It is possible to cause the matching process to obey a subpattern
conditionally or to choose between two alternative subpatterns,
depending on the result of an assertion, or whether a specific
capturing subpattern has already been matched. The two possible
forms of conditional subpattern are:
(?(condition)yes-pattern)
(?(condition)yes-pattern|no-pattern)
If the condition is satisfied, the yes-pattern is used; otherwise
the no-pattern (if present) is used. If there are more than two
alternatives in the subpattern, a compile-time error occurs. Each
of the two alternatives may itself contain nested subpatterns of
any form, including conditional subpatterns; the restriction to
two alternatives applies only at the level of the condition. This
pattern fragment is an example where the alternatives are
complex:
(?(1) (A|B|C) | (D | (?(2)E|F) | E) )
There are four kinds of condition: references to subpatterns,
references to recursion, a pseudo-condition called DEFINE, and
assertions.
Checking for a used subpattern by number
If the text between the parentheses consists of a sequence of
digits, the condition is true if a capturing subpattern of that
number has previously matched. If there is more than one
capturing subpattern with the same number (see the earlier
section about duplicate subpattern numbers), the condition is
true if any of them have matched. An alternative notation is to
precede the digits with a plus or minus sign. In this case, the
subpattern number is relative rather than absolute. The most
recently opened parentheses can be referenced by (?(-1), the next
most recent by (?(-2), and so on. Inside loops it can also make
sense to refer to subsequent groups. The next parentheses to be
opened can be referenced as (?(+1), and so on. (The value zero in
any of these forms is not used; it provokes a compile-time
error.)
Consider the following pattern, which contains non-significant
white space to make it more readable (assume the PCRE_EXTENDED
option) and to divide it into three parts for ease of discussion:
( \( )? [^()]+ (?(1) \) )
The first part matches an optional opening parenthesis, and if
that character is present, sets it as the first captured
substring. The second part matches one or more characters that
are not parentheses. The third part is a conditional subpattern
that tests whether or not the first set of parentheses matched.

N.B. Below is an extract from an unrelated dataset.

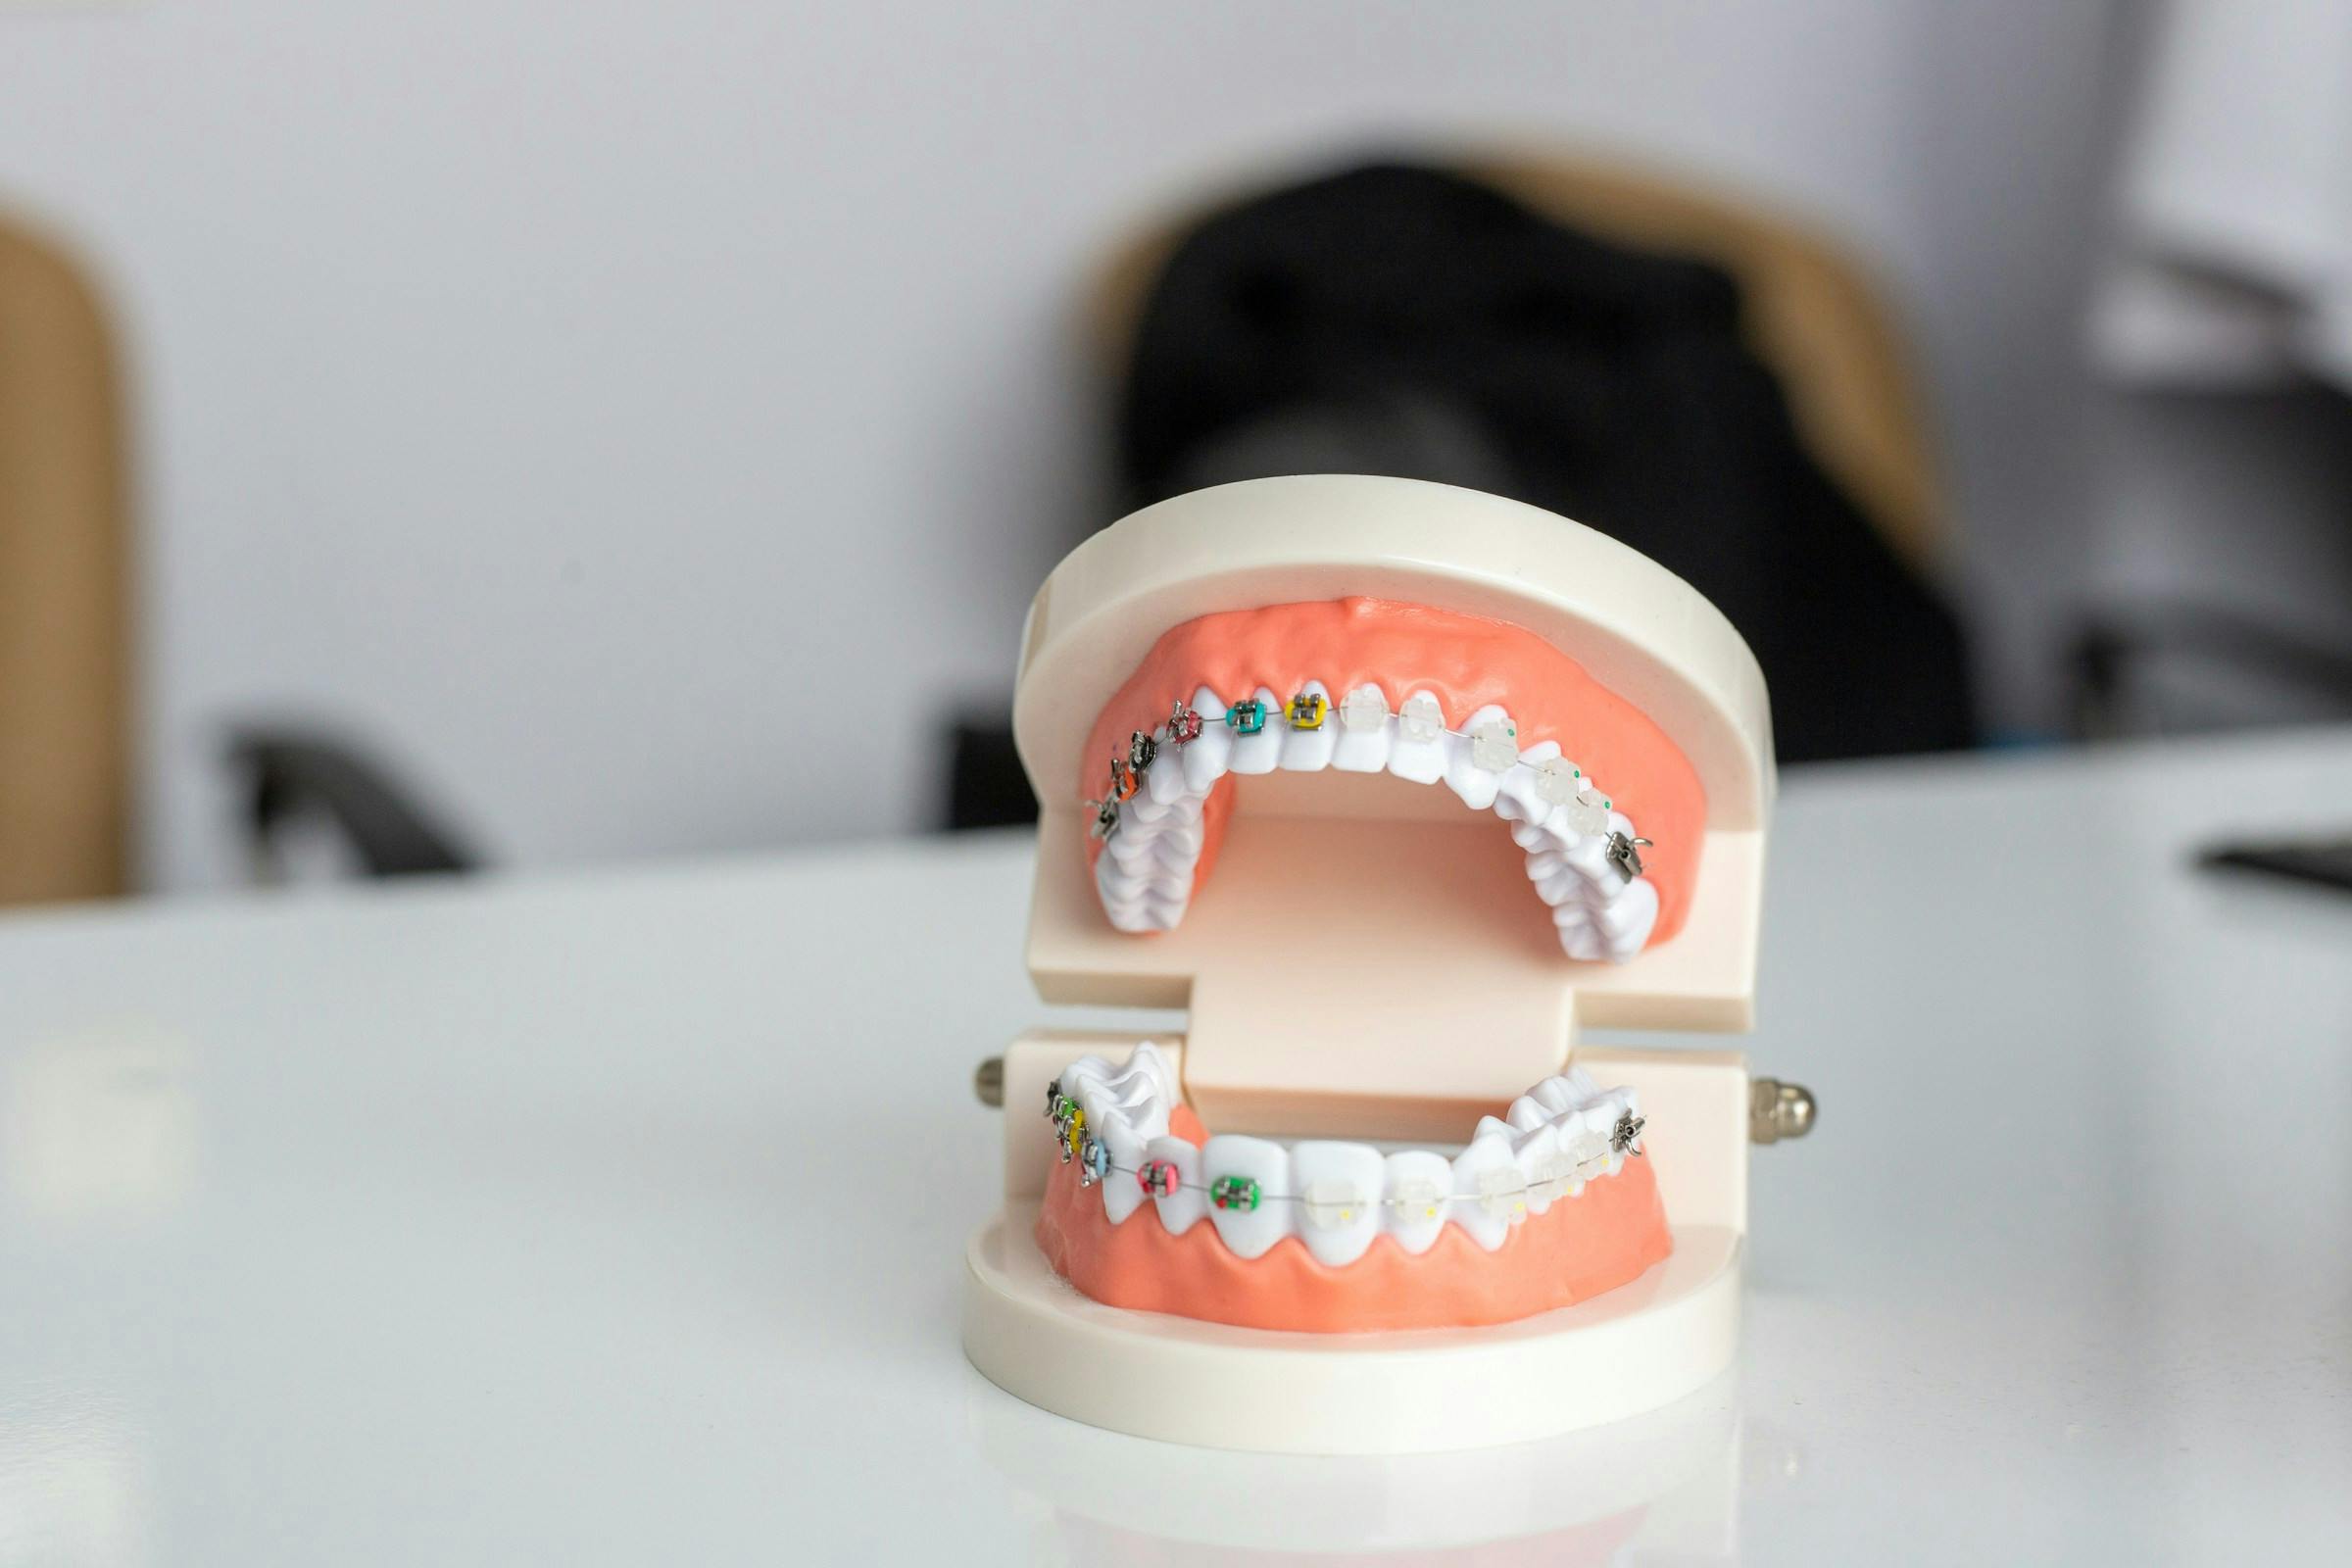 A dental model showcasing different types of braces and orthodontic issues on a desk

If they did, that is, if subject started with an opening
parenthesis, the condition is true, and so the yes-pattern is
executed and a closing parenthesis is required. Otherwise, since
no-pattern is not present, the subpattern matches nothing. In
other words, this pattern matches a sequence of non-parentheses,
optionally enclosed in parentheses.
If you were embedding this pattern in a larger one, you could use
a relative reference:
...other stuff... ( \( )? [^()]+ (?(-1) \) ) ...
This makes the fragment independent of the parentheses in the
larger pattern.
Checking for a used subpattern by name
Perl uses the syntax (?(<name>)...) or (?('name')...) to test for
a used subpattern by name. For compatibility with earlier
versions of PCRE, which had this facility before Perl, the syntax
(?(name)...) is also recognized.
Rewriting the above example to use a named subpattern gives this:
(?<OPEN> \( )? [^()]+ (?(<OPEN>) \) )
If the name used in a condition of this kind is a duplicate, the
test is applied to all subpatterns of the same name, and is true
if any one of them has matched.
Checking for pattern recursion
If the condition is the string (R), and there is no subpattern
with the name R, the condition is true if a recursive call to the
whole pattern or any subpattern has been made. If digits or a
name preceded by ampersand follow the letter R, for example:
(?(R3)...) or (?(R&name)...)
the condition is true if the most recent recursion is into a
subpattern whose number or name is given. This condition does not
check the entire recursion stack. If the name used in a condition
of this kind is a duplicate, the test is applied to all
subpatterns of the same name, and is true if any one of them is
the most recent recursion.
At "top level", all these recursion test conditions are false.
The syntax for recursive patterns is described below.
Defining subpatterns for use by reference only
If the condition is the string (DEFINE), and there is no
subpattern with the name DEFINE, the condition is always false.
In this case, there may be only one alternative in the
subpattern. It is always skipped if control reaches this point in
the pattern; the idea of DEFINE is that it can be used to define
subroutines that can be referenced from elsewhere. (The use of
subroutines is described below.) For example, a pattern to match
an IPv4 address such as "192.168.23.245" could be written like
this (ignore white space and line breaks):
(?(DEFINE) (?<byte> 2[0-4]\d | 25[0-5] | 1\d\d | [1-9]?\d) )
\b (?&byte) (\.(?&byte)){3} \b
The first part of the pattern is a DEFINE group inside which a
another group named "byte" is defined. This matches an individual
component of an IPv4 address (a number less than 256). When
matching takes place, this part of the pattern is skipped because
DEFINE acts like a false condition. The rest of the pattern uses
references to the named group to match the four dot-separated
components of an IPv4 address, insisting on a word boundary at
each end.
Assertion conditions
If the condition is not in any of the above formats, it must be
an assertion. This may be a positive or negative lookahead or
lookbehind assertion. Consider this pattern, again containing
non-significant white space, and with the two alternatives on the
second line:
(?(?=[^a-z]*[a-z])
\d{2}-[a-z]{3}-\d{2} | \d{2}-\d{2}-\d{2} )
The condition is a positive lookahead assertion that matches an
optional sequence of non-letters followed by a letter. In other
words, it tests for the presence of at least one letter in the
subject. If a letter is found, the subject is matched against the
first alternative; otherwise it is matched against the second.
This pattern matches strings in one of the two forms dd-aaa-dd or
dd-dd-dd, where aaa are letters and dd are digits.